BEGIN

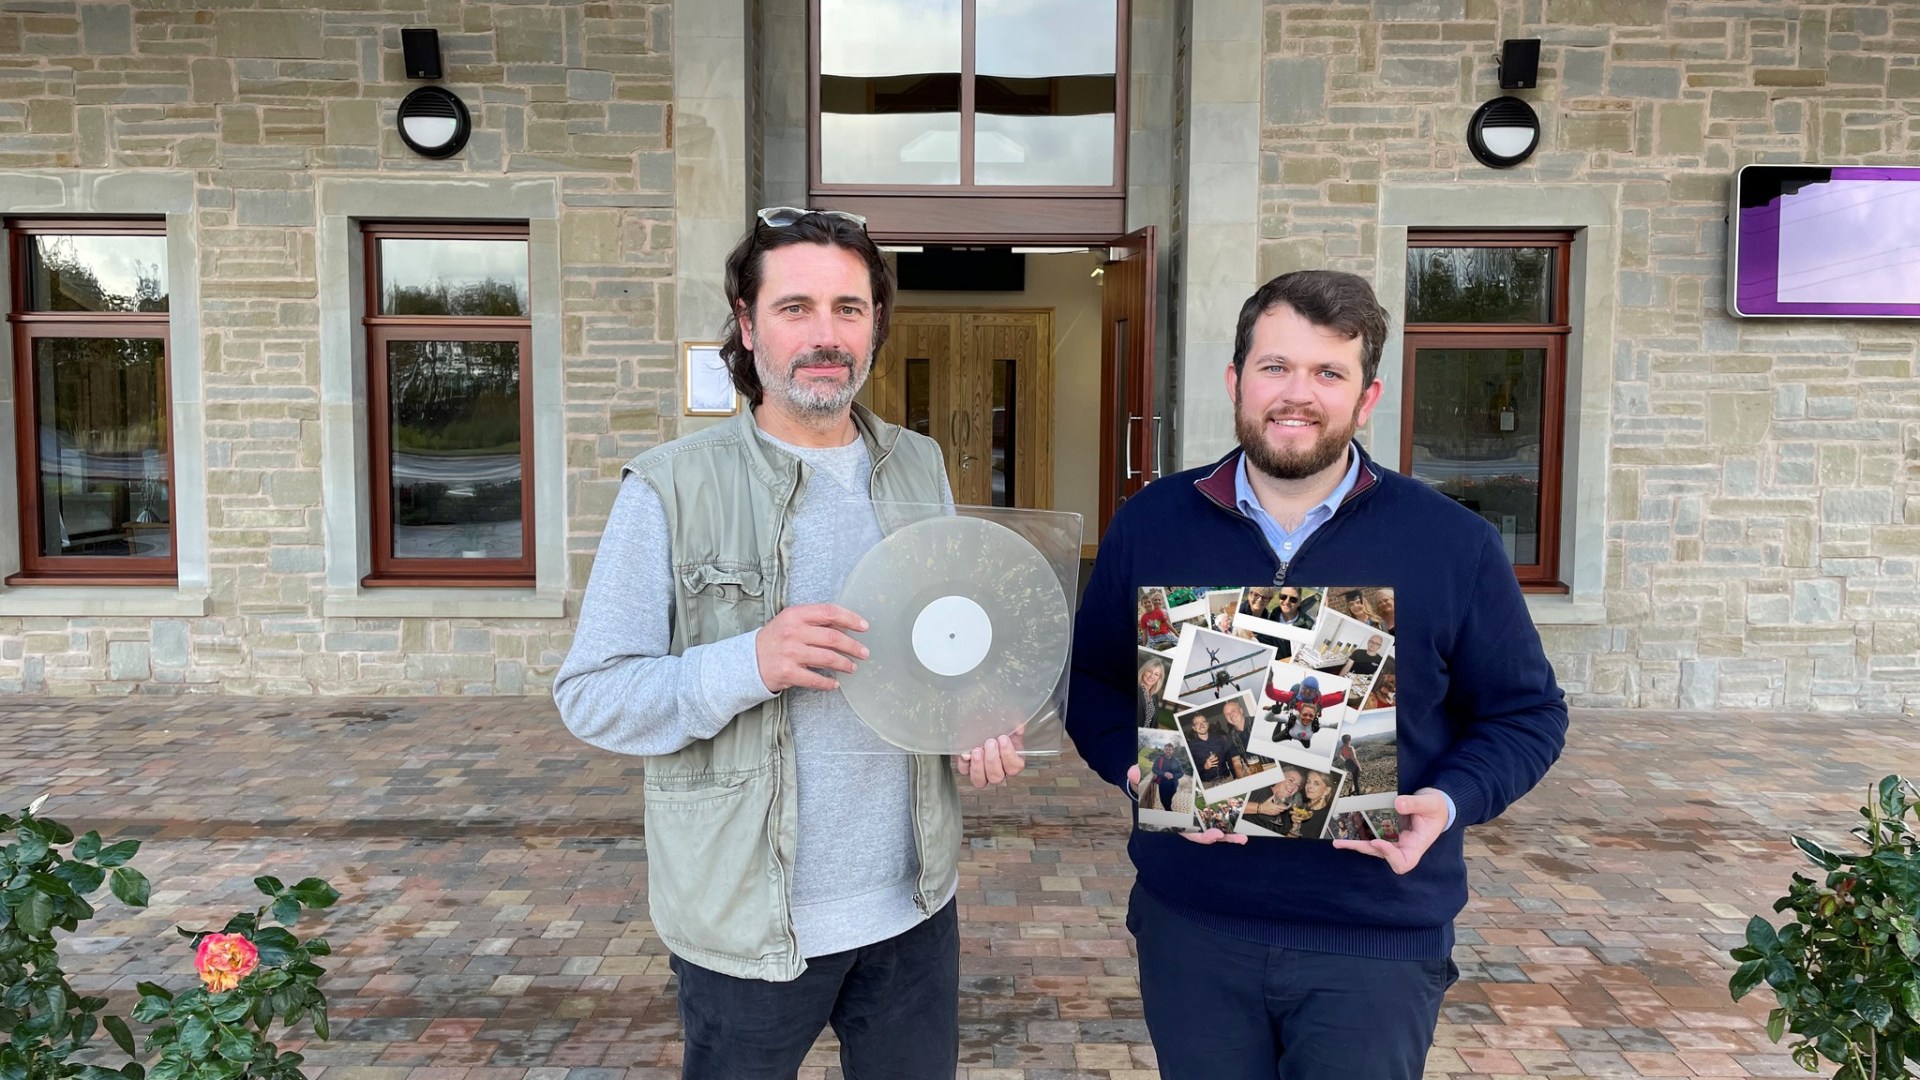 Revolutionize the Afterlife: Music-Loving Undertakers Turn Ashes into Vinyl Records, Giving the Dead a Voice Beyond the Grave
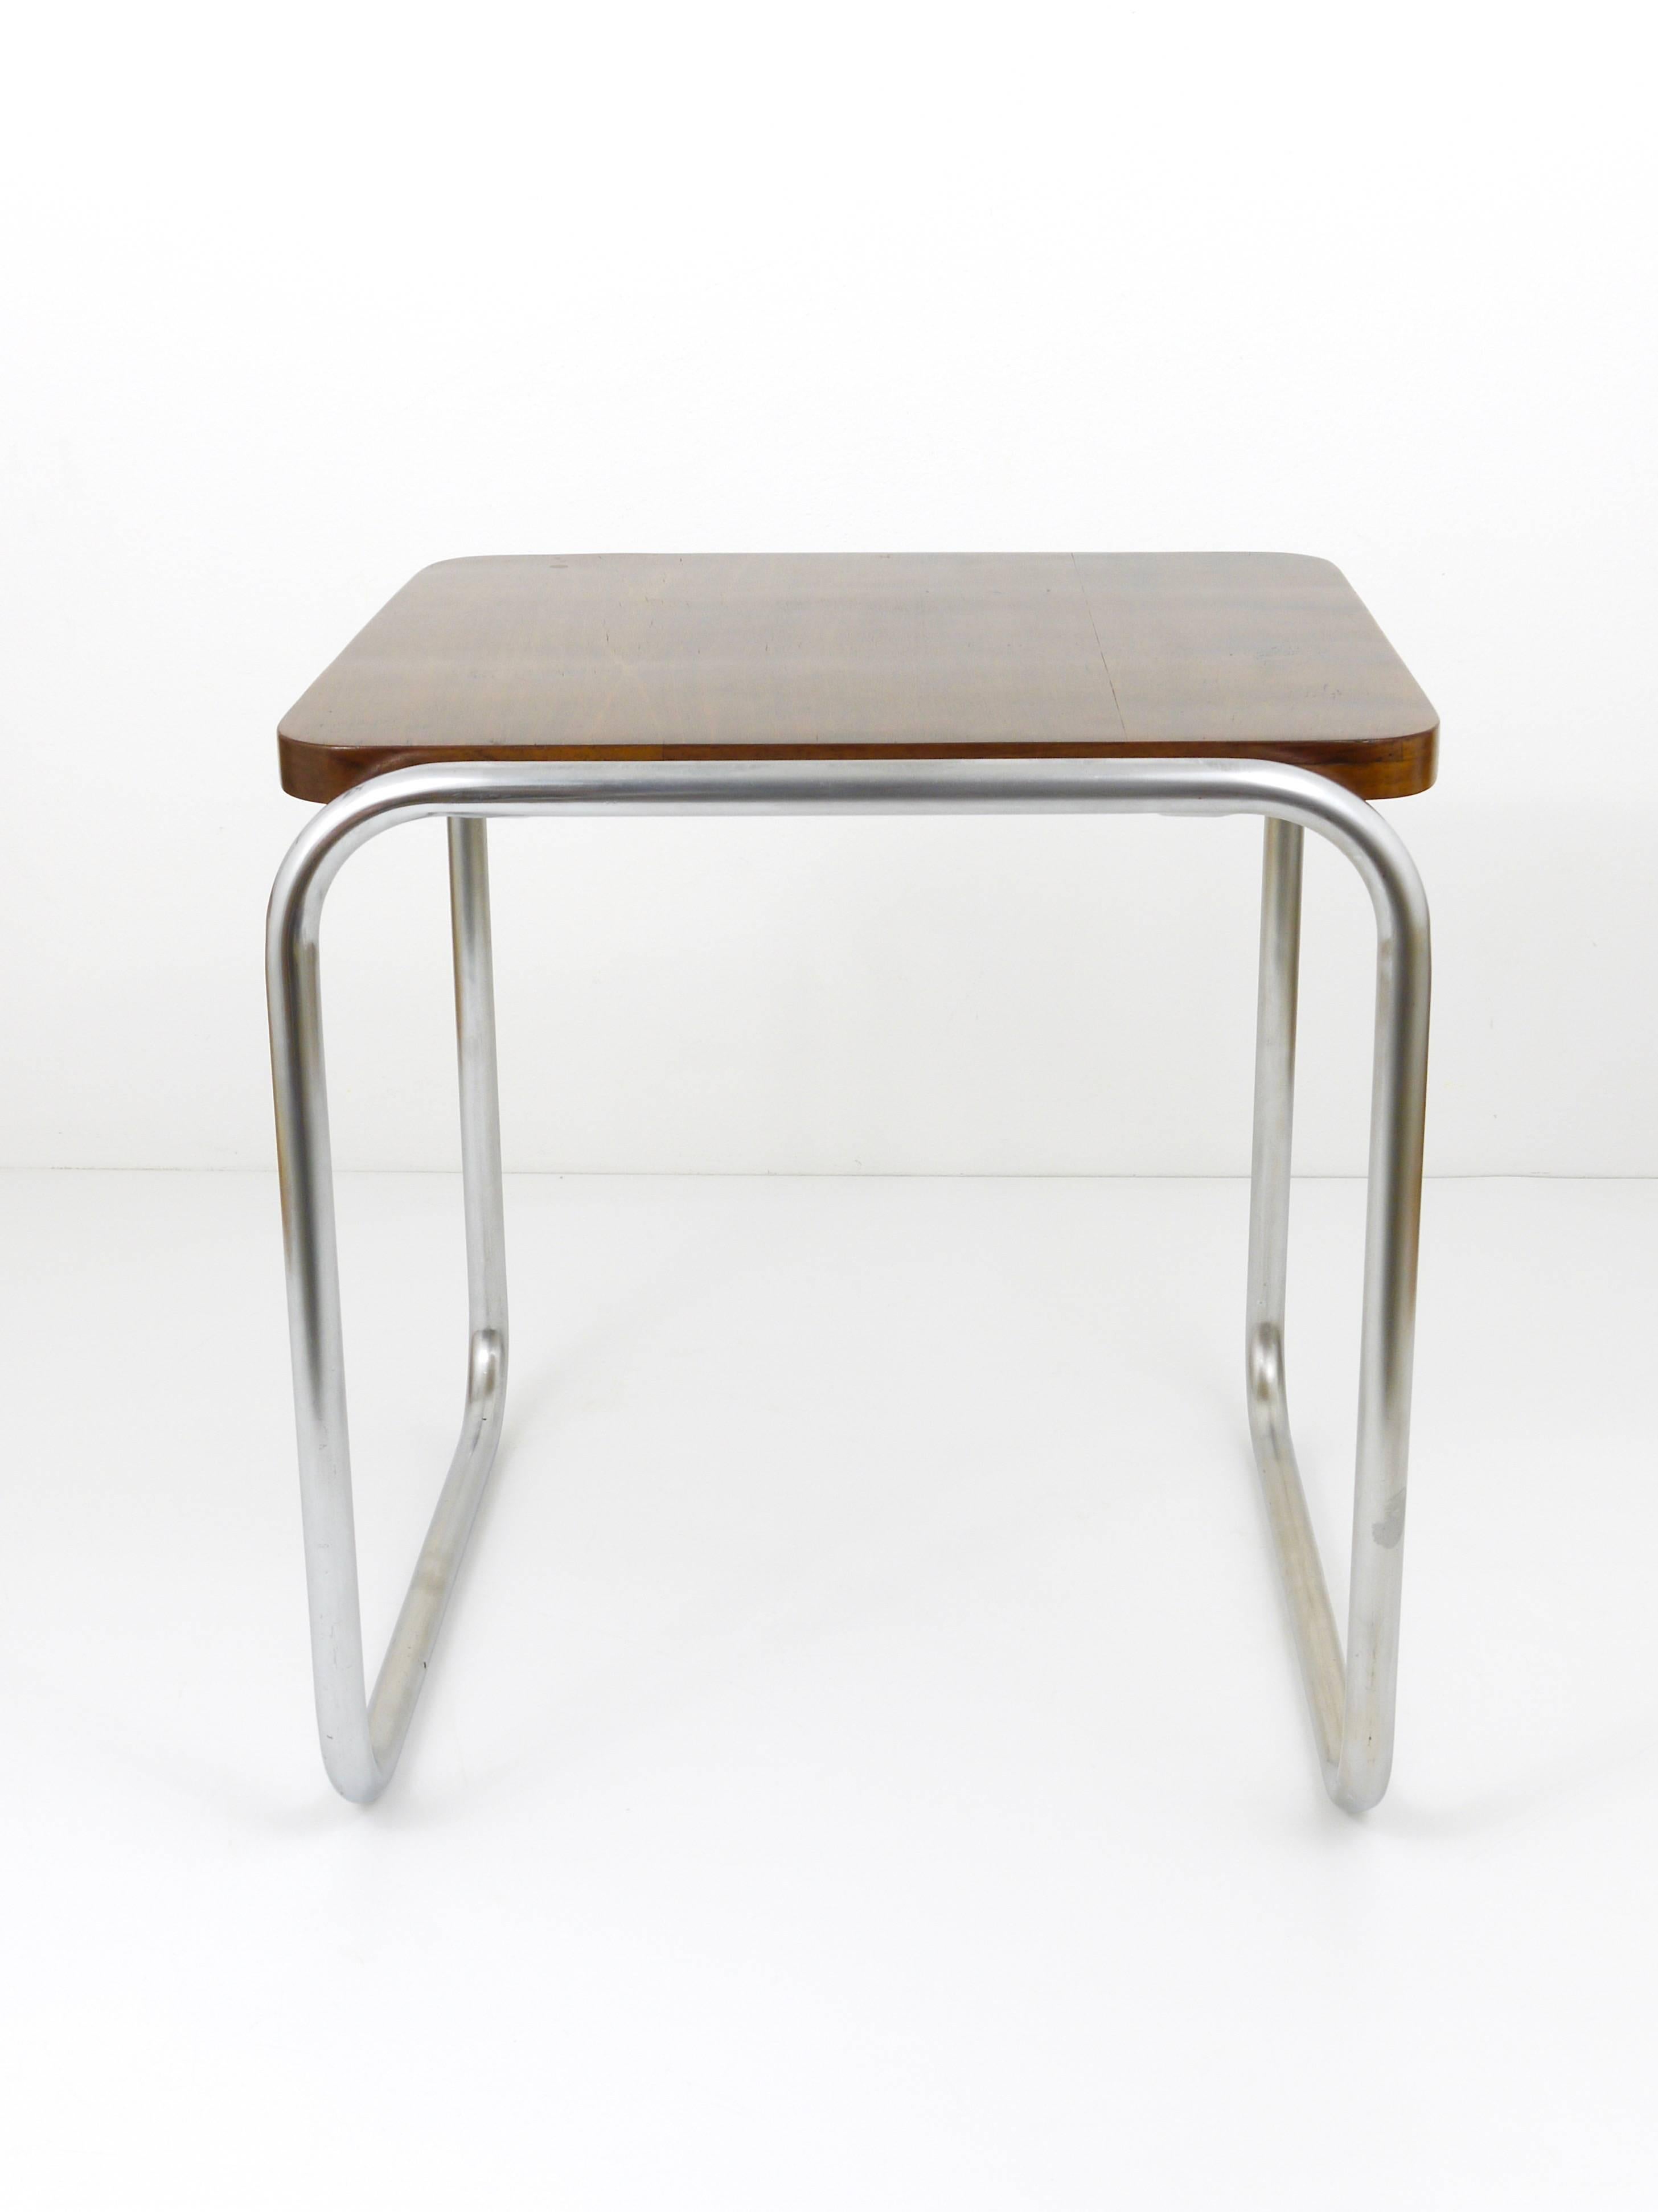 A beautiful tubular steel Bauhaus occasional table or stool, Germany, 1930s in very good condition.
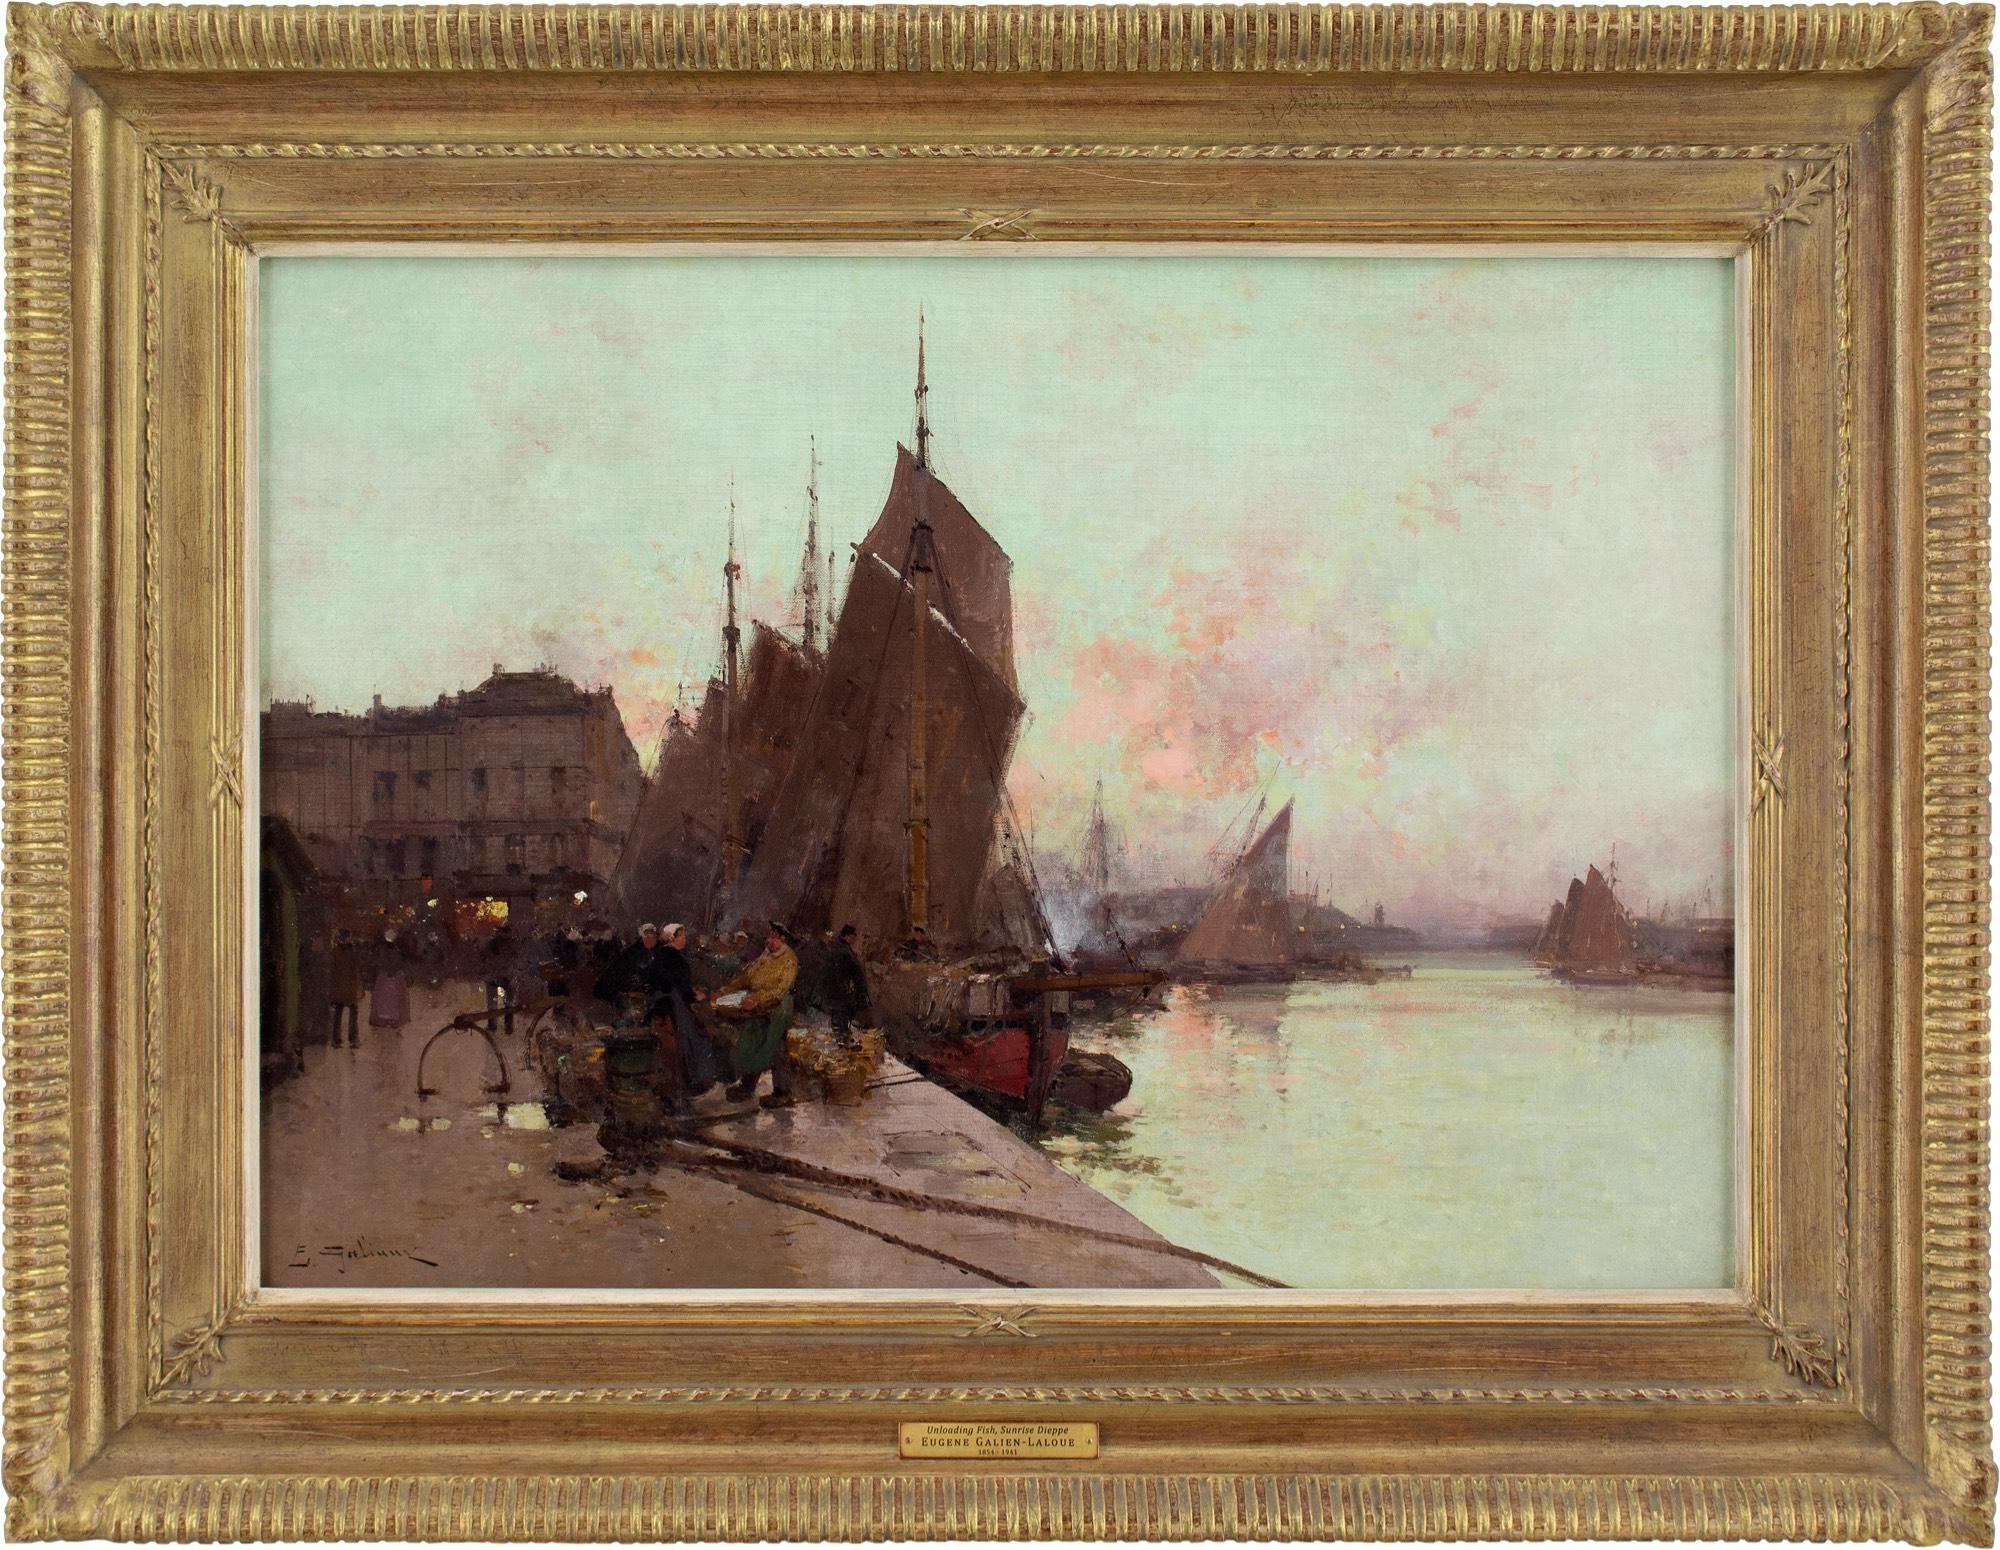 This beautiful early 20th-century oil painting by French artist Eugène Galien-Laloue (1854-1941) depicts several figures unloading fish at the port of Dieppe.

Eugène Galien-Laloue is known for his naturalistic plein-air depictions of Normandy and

END

Required work:
All the material above should be written out exactly, with images omitted.

Reply to the exercise:
 Revolutionize the Afterlife: Music-Loving Undertakers Turn Ashes into Vinyl Records, Giving the Dead a Voice Beyond the Grave
 A beautiful tubular steel Bauhaus occasional table or stool, Germany, 1930s in very good condition.
 This beautiful early 20th-century oil painting by French artist Eugène Galien-Laloue (1854-1941) depicts several figures unloading fish at the port of Dieppe.

Eugène Galien-Laloue is known for his naturalistic plein-air depictions of Normandy and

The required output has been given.